▽

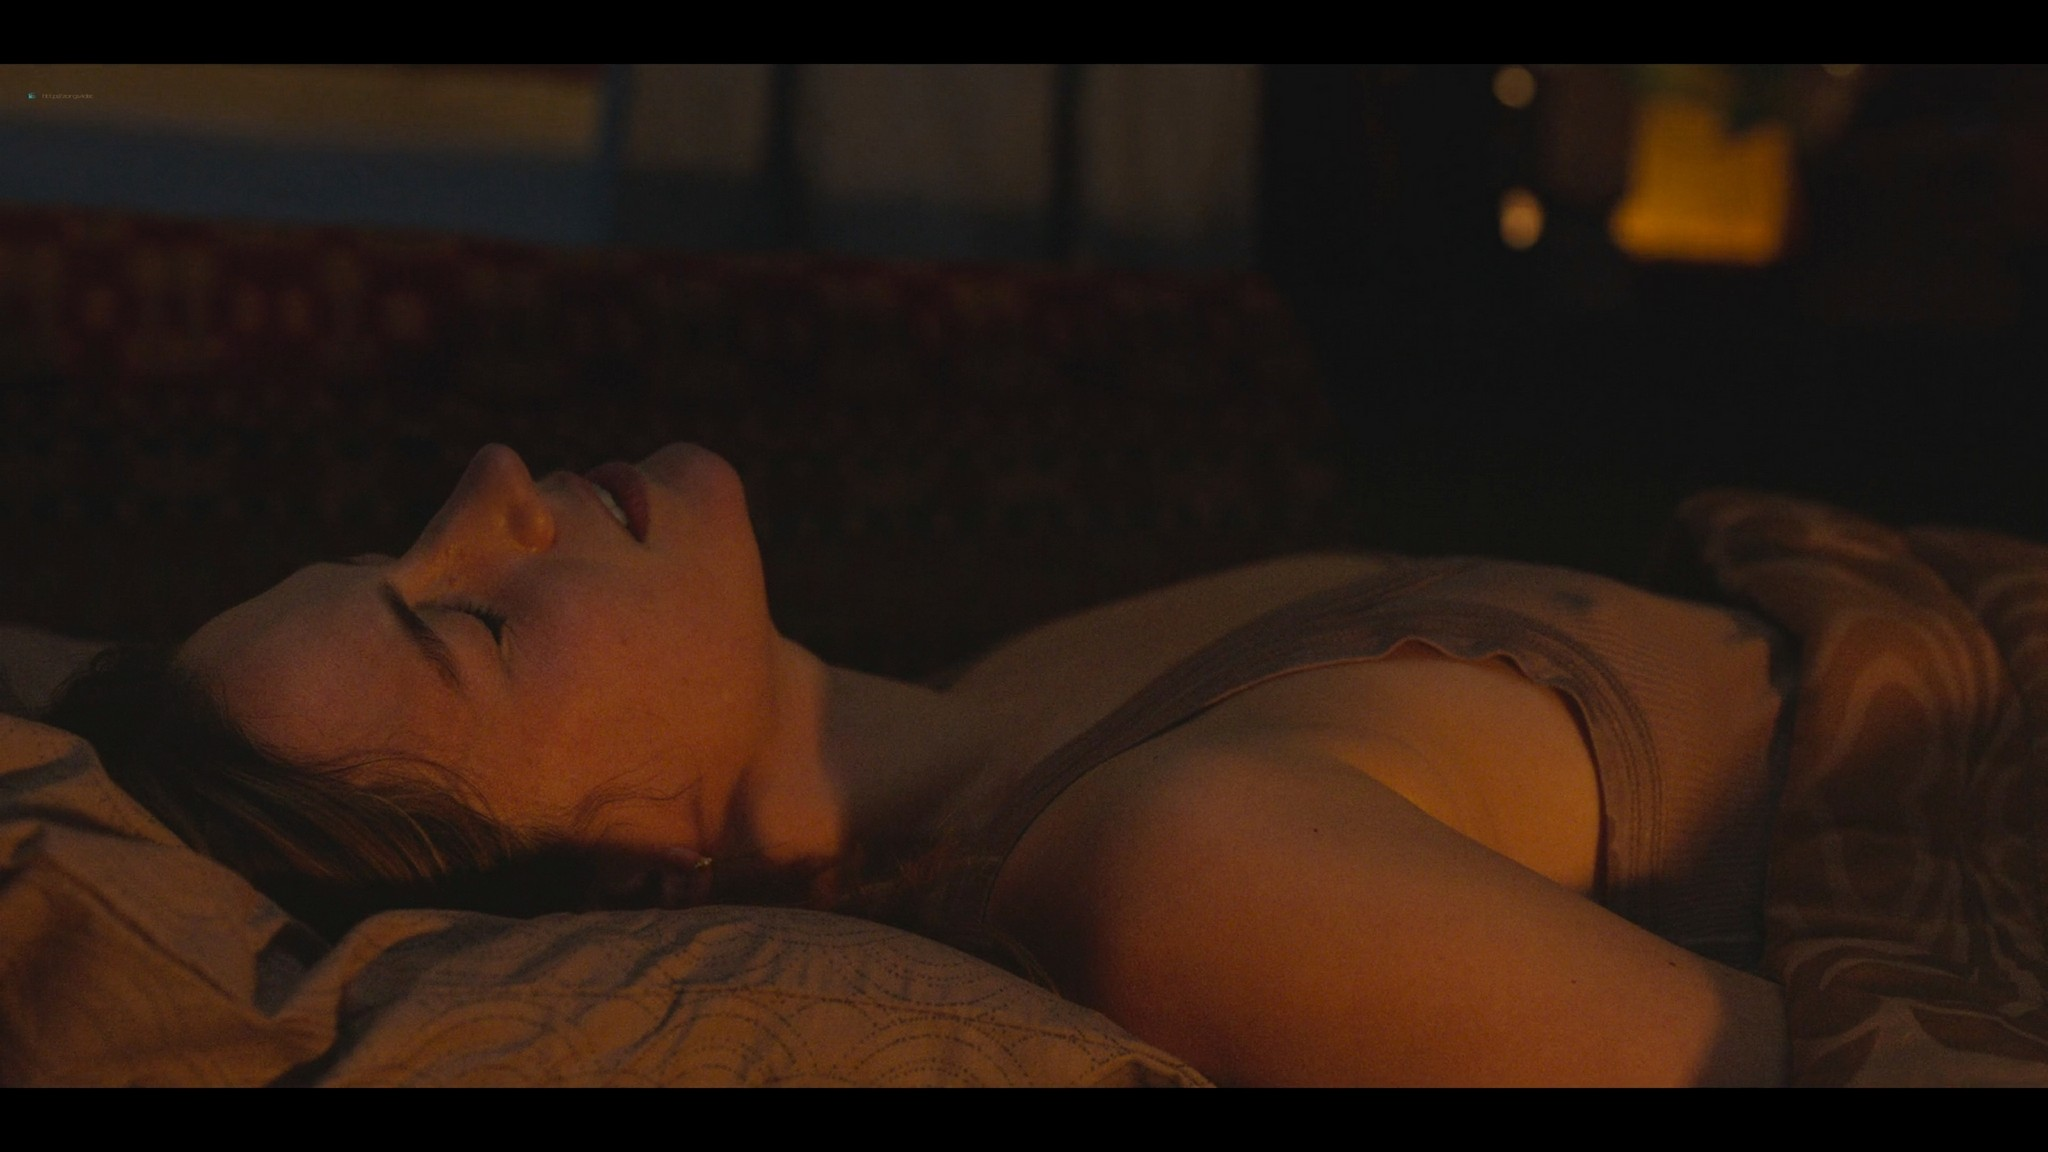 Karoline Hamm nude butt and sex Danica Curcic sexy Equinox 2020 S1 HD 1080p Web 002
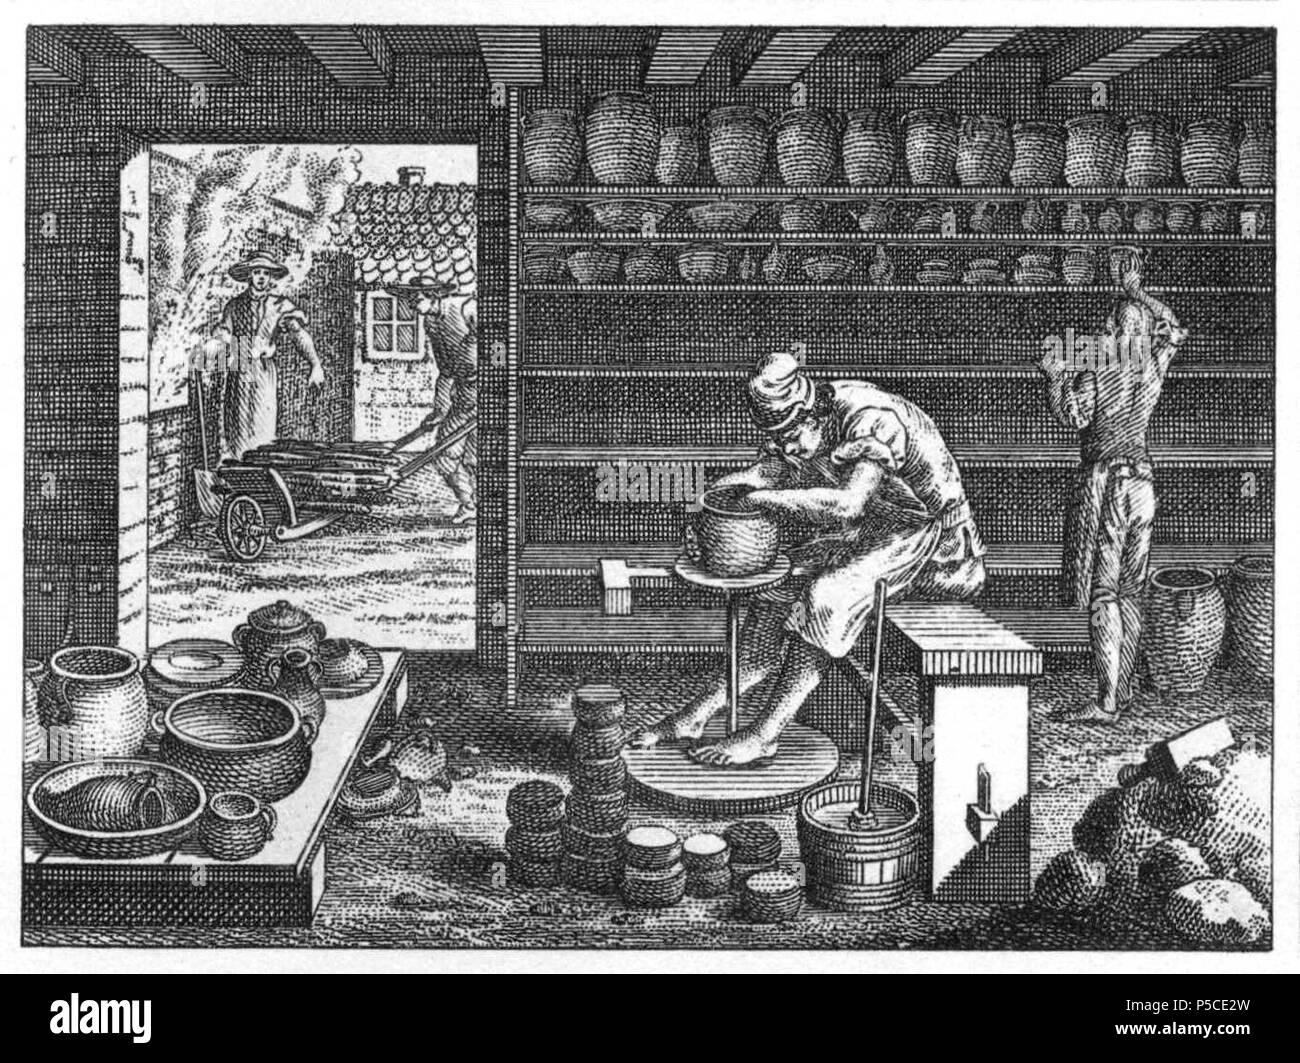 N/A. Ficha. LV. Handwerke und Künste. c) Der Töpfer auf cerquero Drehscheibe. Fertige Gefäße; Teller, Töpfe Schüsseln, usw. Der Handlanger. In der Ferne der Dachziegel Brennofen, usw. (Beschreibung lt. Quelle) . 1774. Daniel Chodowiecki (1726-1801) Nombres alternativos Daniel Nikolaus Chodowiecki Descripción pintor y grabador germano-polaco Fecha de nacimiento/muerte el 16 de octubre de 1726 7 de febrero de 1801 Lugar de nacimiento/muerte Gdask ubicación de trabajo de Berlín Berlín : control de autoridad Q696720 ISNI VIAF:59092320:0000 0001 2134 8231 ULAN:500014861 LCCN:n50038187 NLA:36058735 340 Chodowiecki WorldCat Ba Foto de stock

△
▽

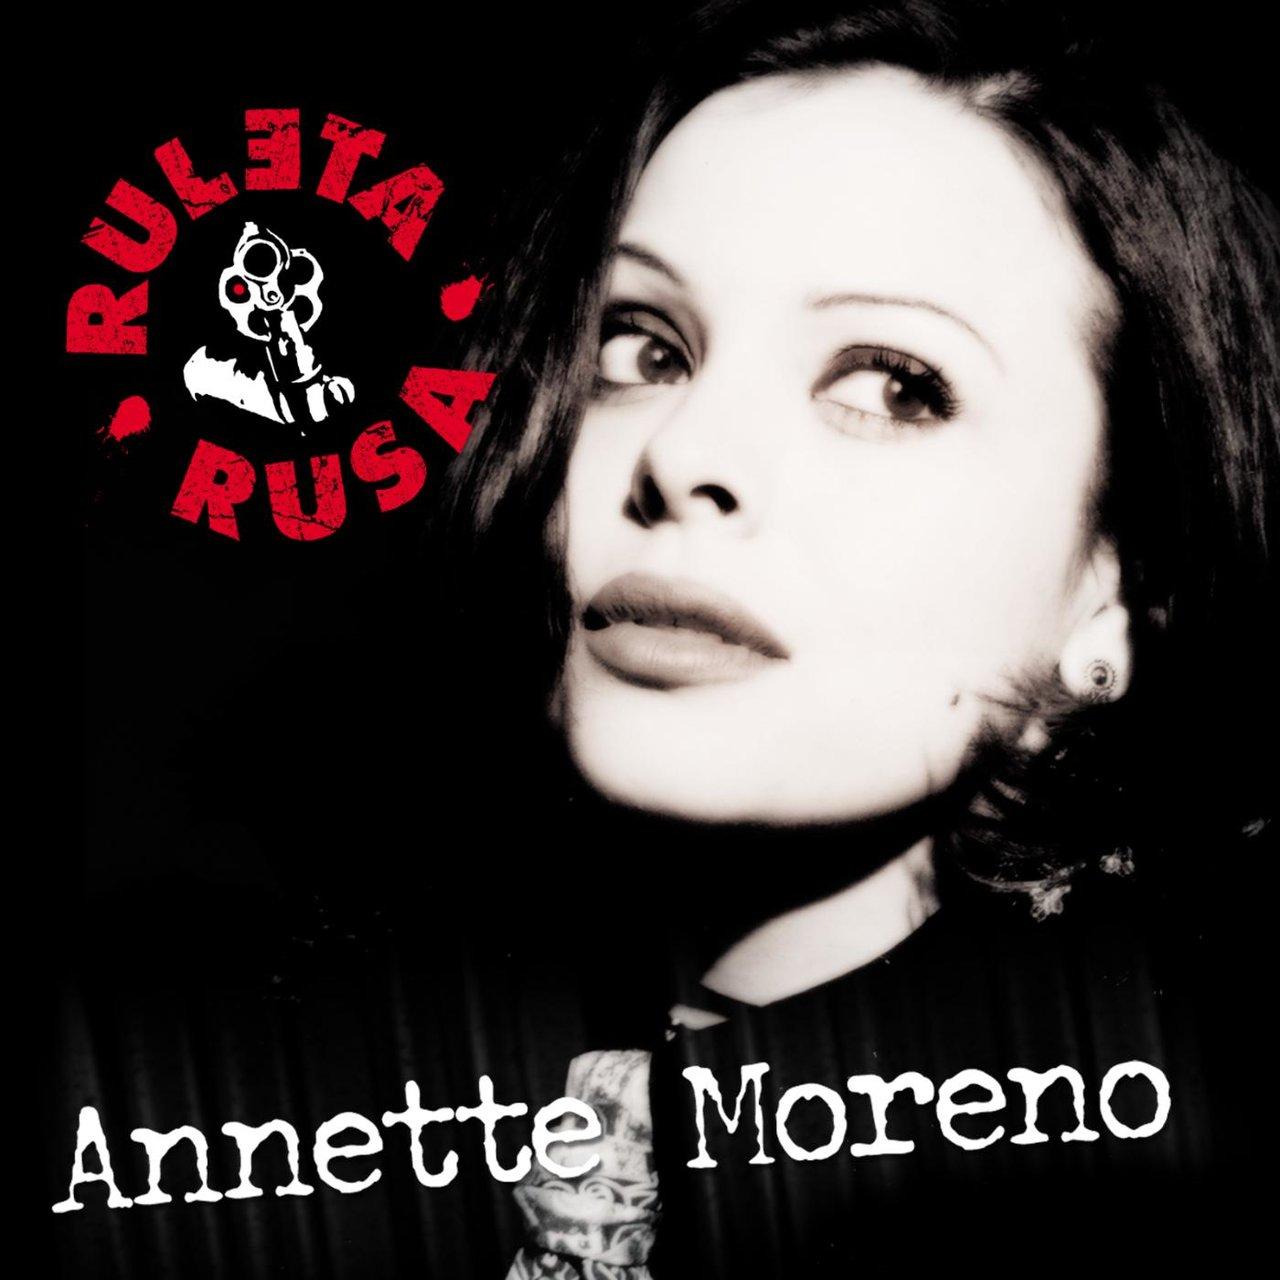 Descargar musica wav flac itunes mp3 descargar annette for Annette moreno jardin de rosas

△
▽

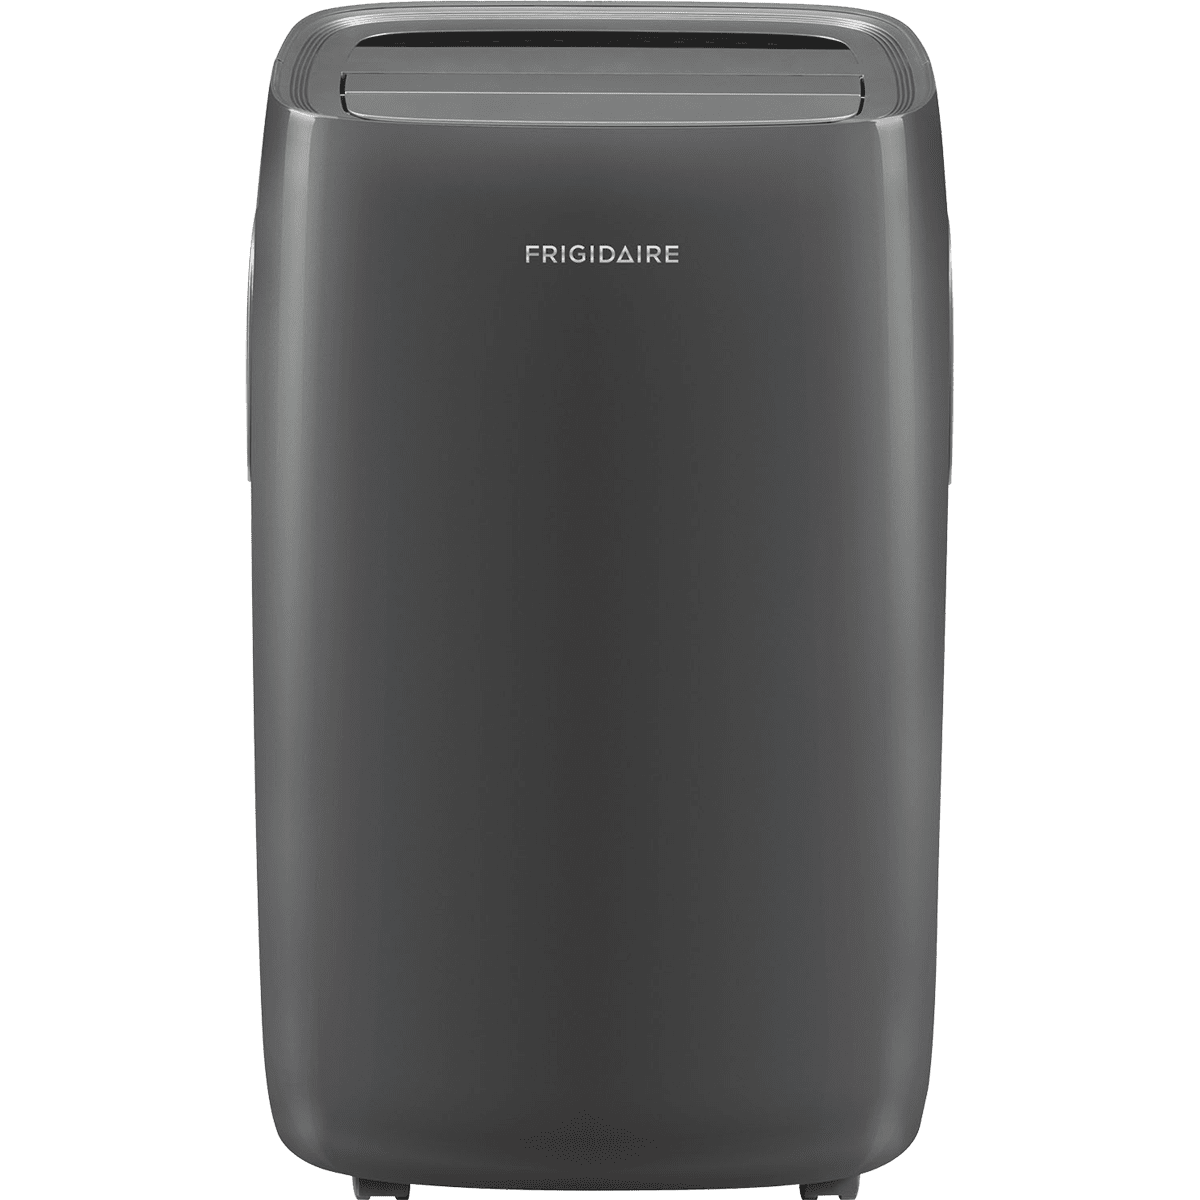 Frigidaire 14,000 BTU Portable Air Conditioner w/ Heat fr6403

△

__WHAT THE TASK ASKS__:
An exact copy is needed of the stretch above that opens with the line containing "Karoline Hamm nude" and closes with the line containing "N/A. Ficha. LV."; the pictures are not part of it.

__RESPONSE FOR THIS EXERCISE__:
 Karoline Hamm nude butt and sex Danica Curcic sexy Equinox 2020 S1 HD 1080p Web 002
 N/A. Ficha. LV. Handwerke und Künste. c) Der Töpfer auf cerquero Drehscheibe. Fertige Gefäße; Teller, Töpfe Schüsseln, usw. Der Handlanger. In der Ferne der Dachziegel Brennofen, usw. (Beschreibung lt. Quelle) . 1774. Daniel Chodowiecki (1726-1801) Nombres alternativos Daniel Nikolaus Chodowiecki Descripción pintor y grabador germano-polaco Fecha de nacimiento/muerte el 16 de octubre de 1726 7 de febrero de 1801 Lugar de nacimiento/muerte Gdask ubicación de trabajo de Berlín Berlín : control de autoridad Q696720 ISNI VIAF:59092320:0000 0001 2134 8231 ULAN:500014861 LCCN:n50038187 NLA:36058735 340 Chodowiecki WorldCat Ba Foto de stock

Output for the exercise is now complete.